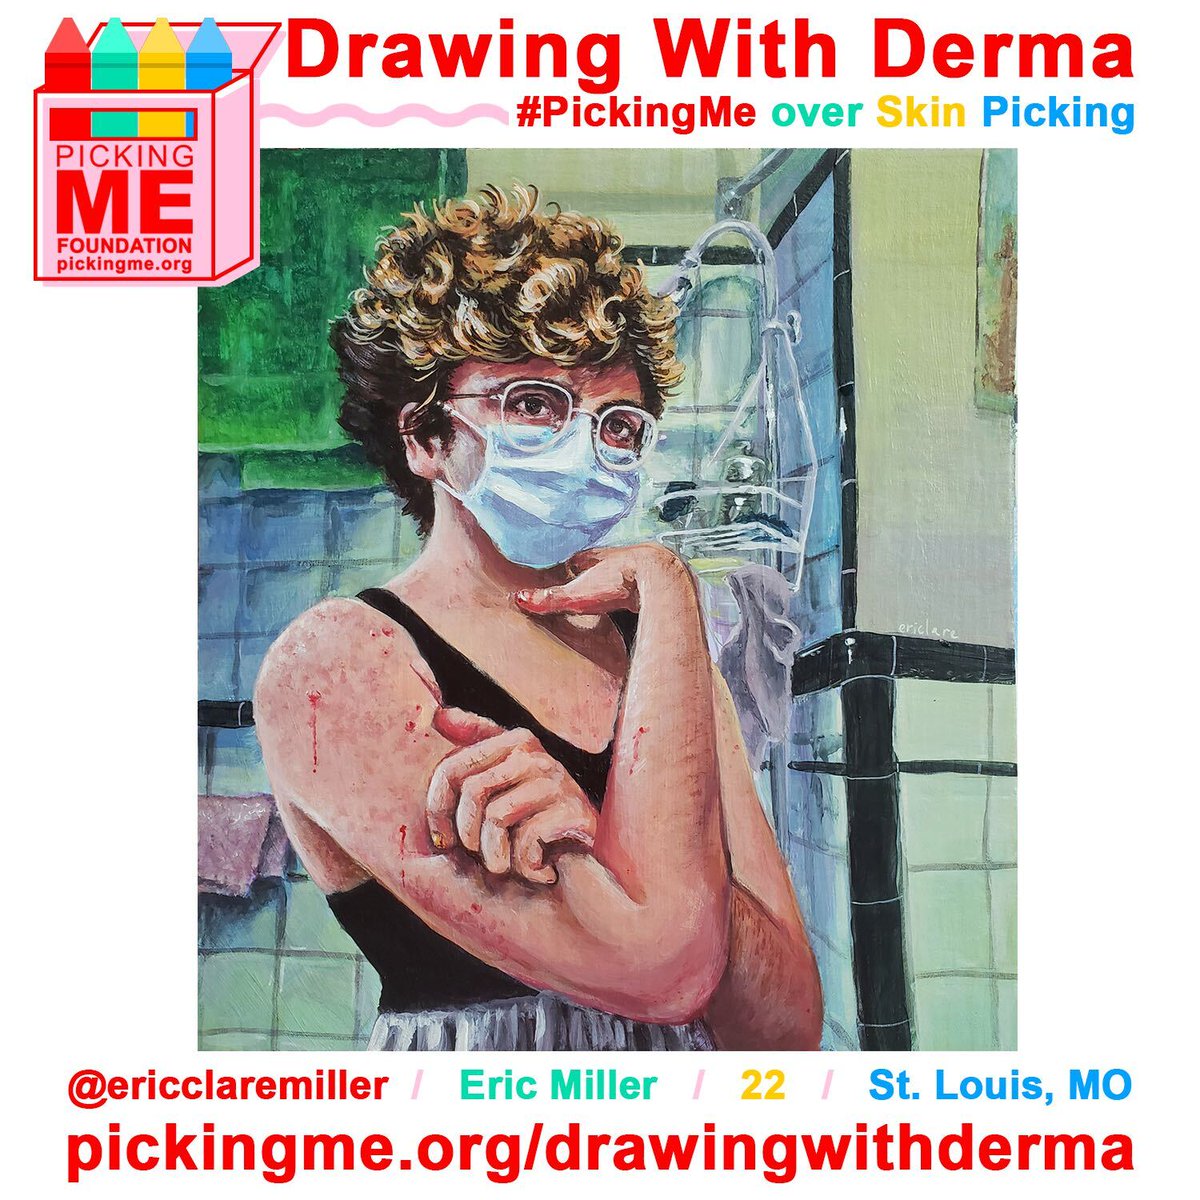 This #InspireYourHeartWithArtDay, let’s take in some of the over 350 artworks depicting dermatillomania that have been submitted to our online art gallery. How does viewing others’ art about their experience with skin picking disorder impact you loves? Share below :)
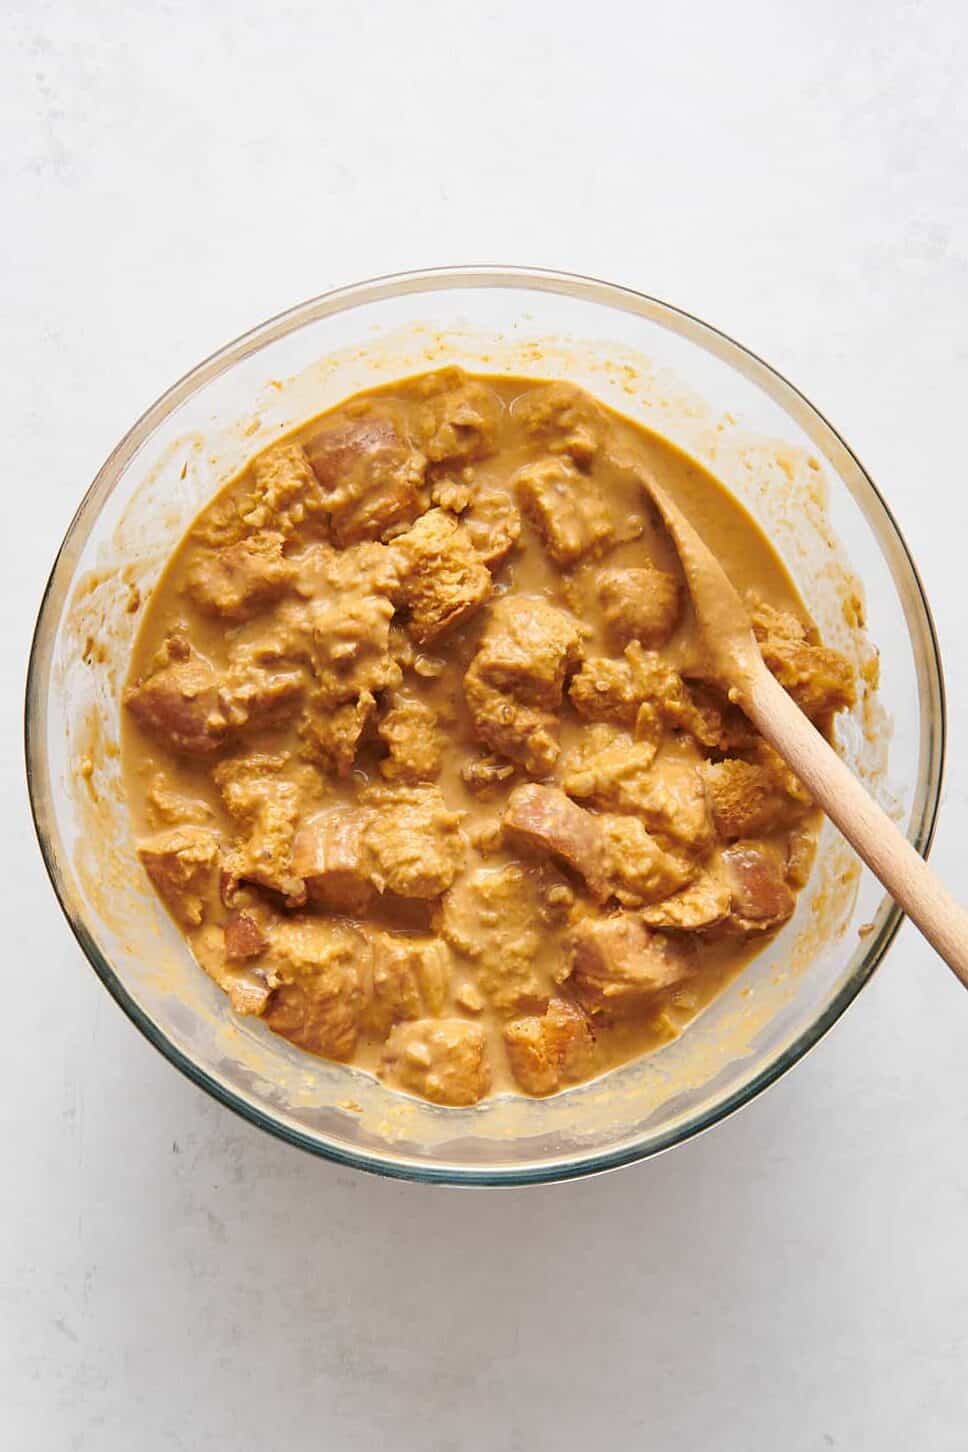 pumpkin bread pudding mixture sitting in a large glass bowl with a wooden spoon
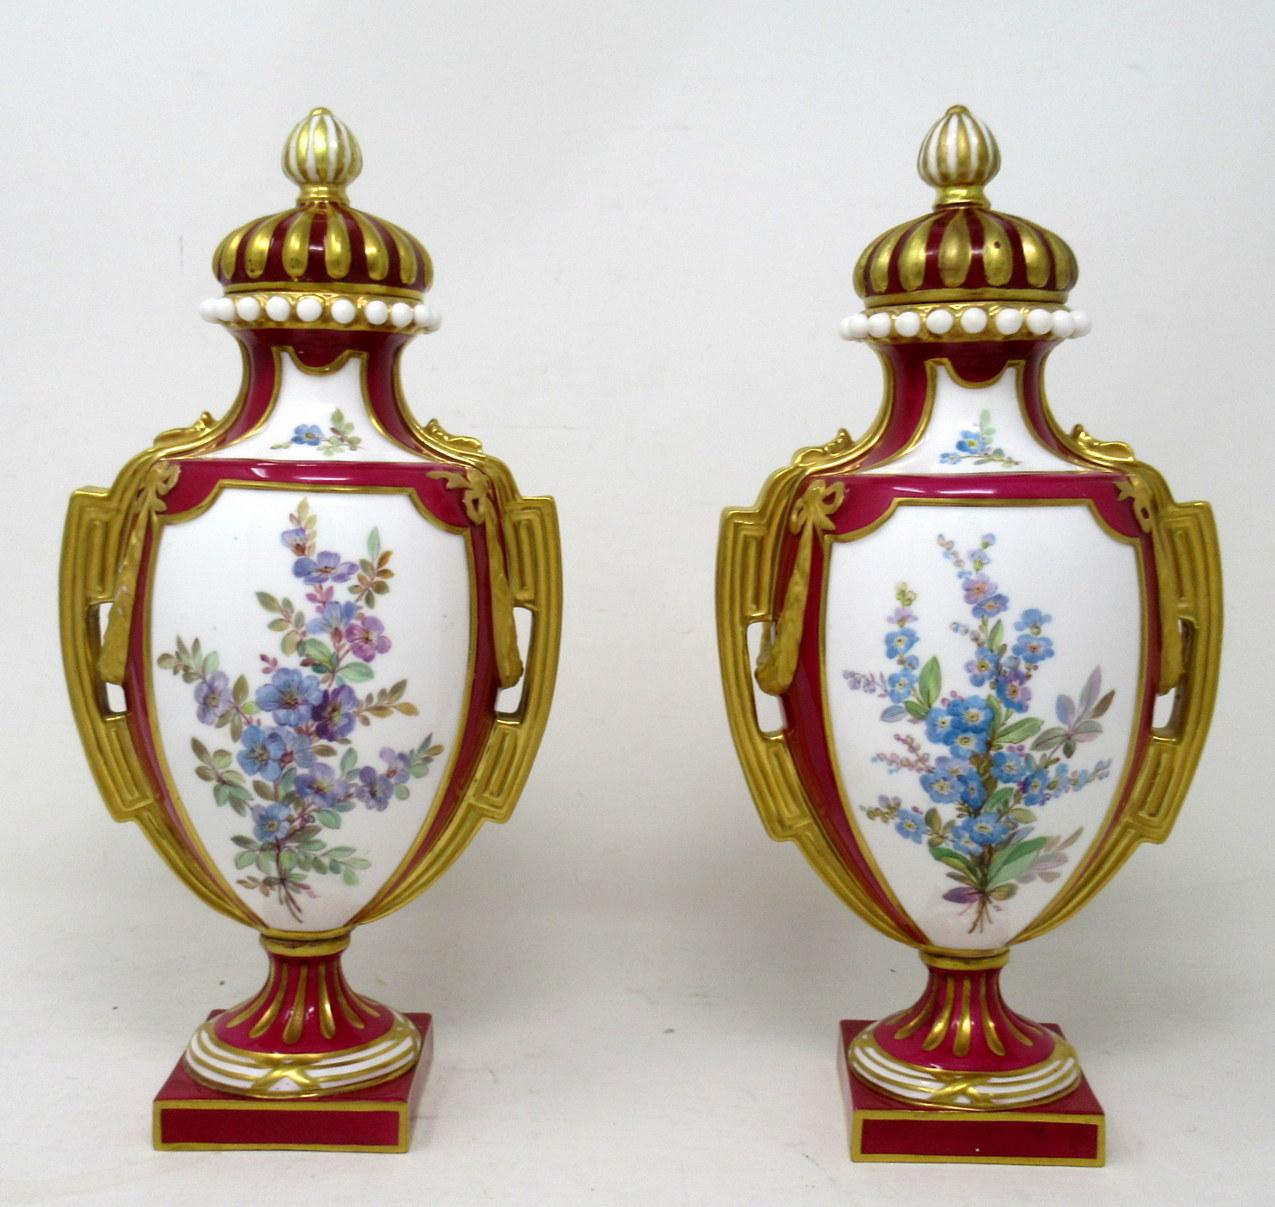 Antique Pair English Royal Crown Derby Porcelain Vases by Antonin Boullemier 19C In Good Condition For Sale In Dublin, Ireland
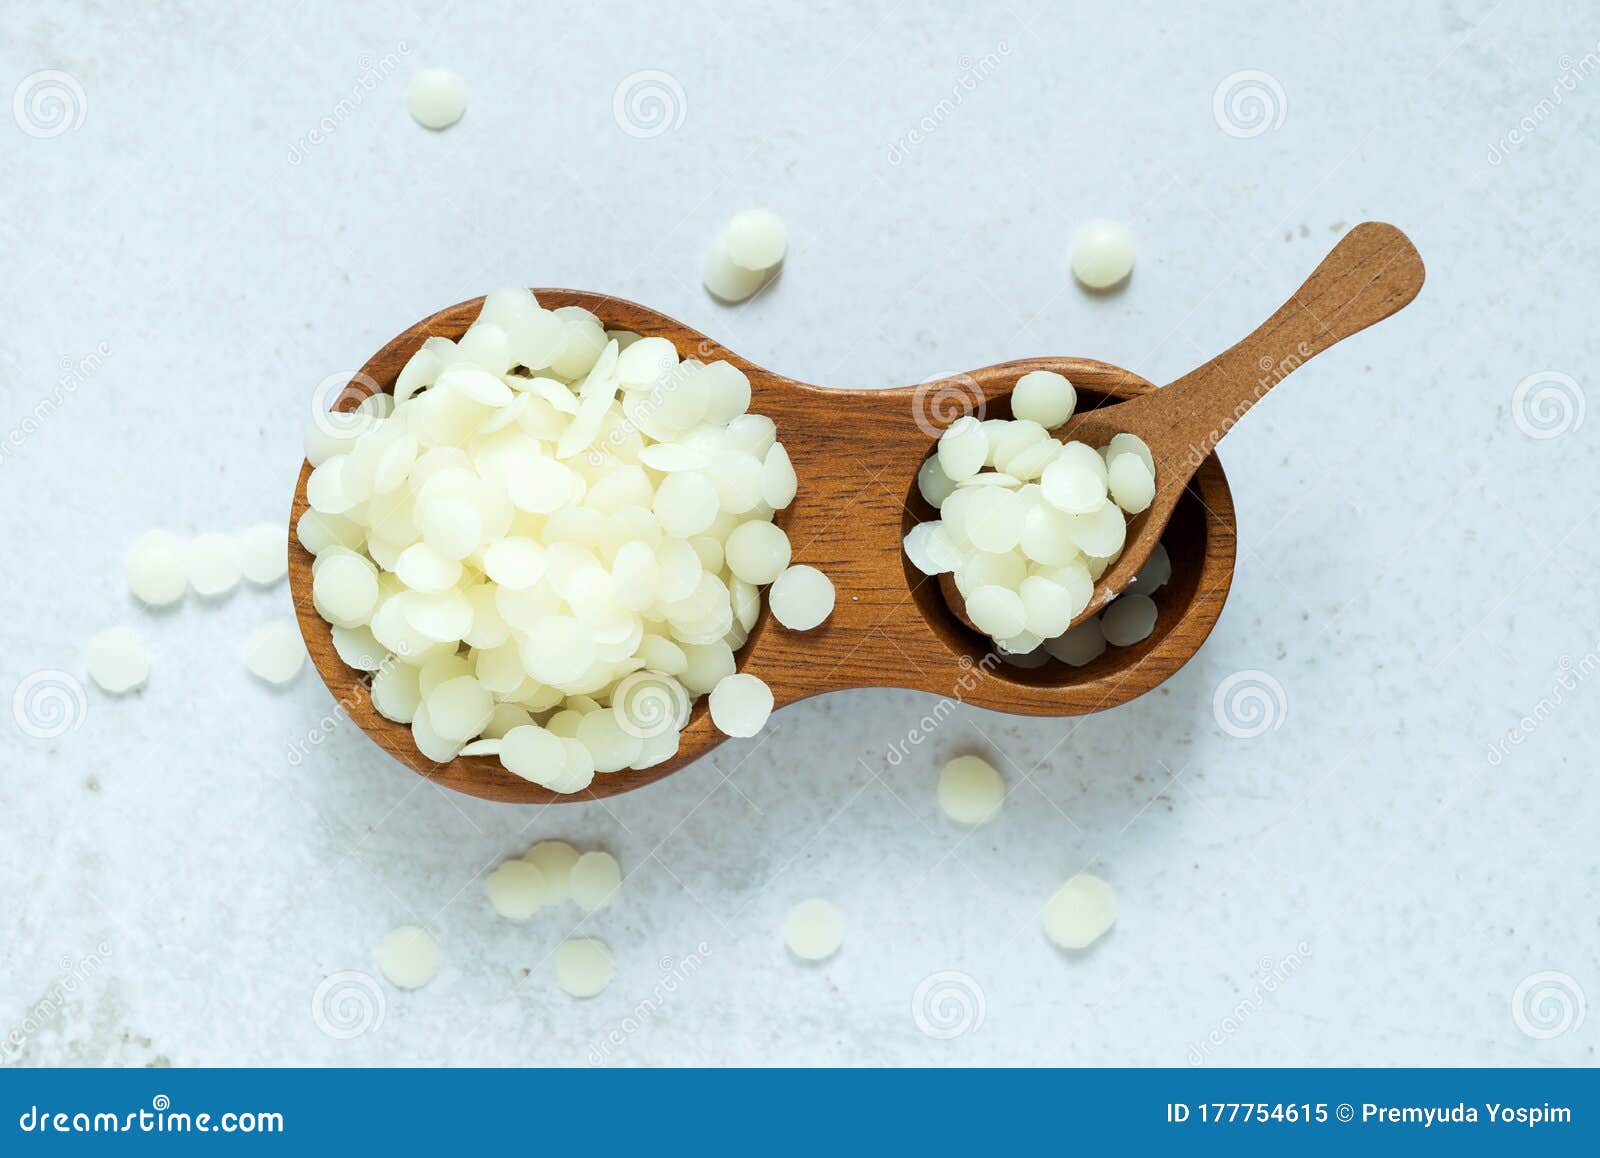 yellow and white cosmetic beeswax pellets in white ceramic bowl for  homemade natural beauty and D.I.Y. project. Stock Photo
┄┄┄┄┄┄┄┄┄┄
**TASK DETAILS**
All of the data above is to be repeated exactly, with the pictures left out.

**OUTPUT OF THE EXERCISE**
 This #InspireYourHeartWithArtDay, let’s take in some of the over 350 artworks depicting dermatillomania that have been submitted to our online art gallery. How does viewing others’ art about their experience with skin picking disorder impact you loves? Share below :)
 pumpkin bread pudding mixture sitting in a large glass bowl with a wooden spoon
 Antique Pair English Royal Crown Derby Porcelain Vases by Antonin Boullemier 19C In Good Condition For Sale In Dublin, Ireland
 yellow and white cosmetic beeswax pellets in white ceramic bowl for  homemade natural beauty and D.I.Y. project. Stock Photo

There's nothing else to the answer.